— Required action —
Starting at the line containing "Eine unbewohnte Zelle" and ending at the line containing "Купить Женские солнцезащитные", print every line of the material below exactly, both ends included, and stop there.

— Listed entries —
»»

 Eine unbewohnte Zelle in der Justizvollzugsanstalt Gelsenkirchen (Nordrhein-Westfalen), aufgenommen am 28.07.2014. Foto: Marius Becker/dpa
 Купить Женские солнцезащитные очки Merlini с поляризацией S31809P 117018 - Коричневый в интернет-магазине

««
»»

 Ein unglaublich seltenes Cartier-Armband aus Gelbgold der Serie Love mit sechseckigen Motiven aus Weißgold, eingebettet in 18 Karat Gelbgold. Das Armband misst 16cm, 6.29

««
»»

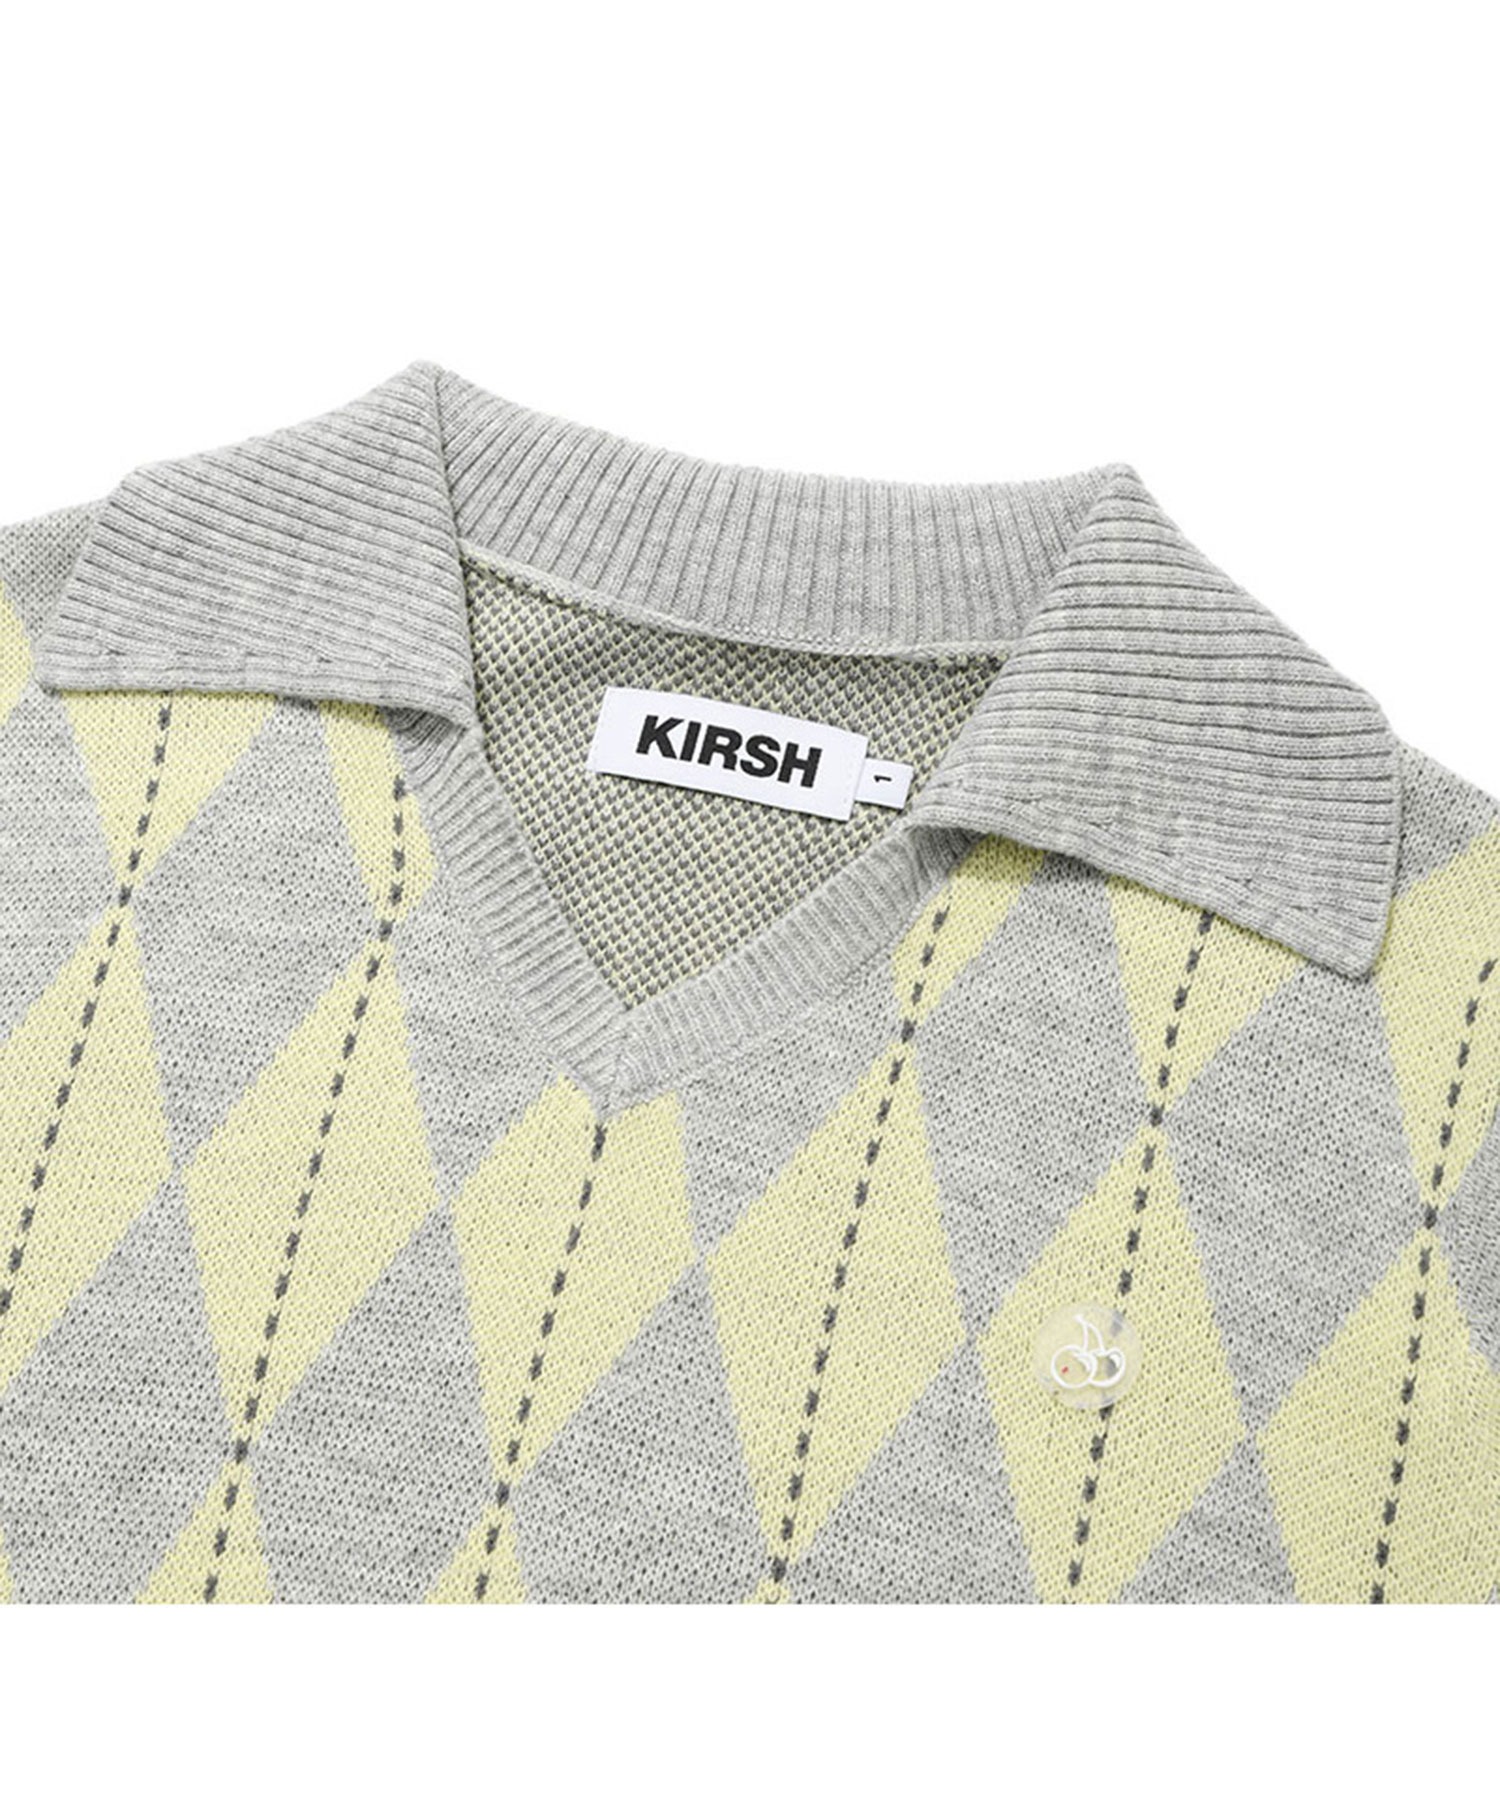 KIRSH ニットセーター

««

— Answer section —
 Eine unbewohnte Zelle in der Justizvollzugsanstalt Gelsenkirchen (Nordrhein-Westfalen), aufgenommen am 28.07.2014. Foto: Marius Becker/dpa
 Купить Женские солнцезащитные очки Merlini с поляризацией S31809P 117018 - Коричневый в интернет-магазине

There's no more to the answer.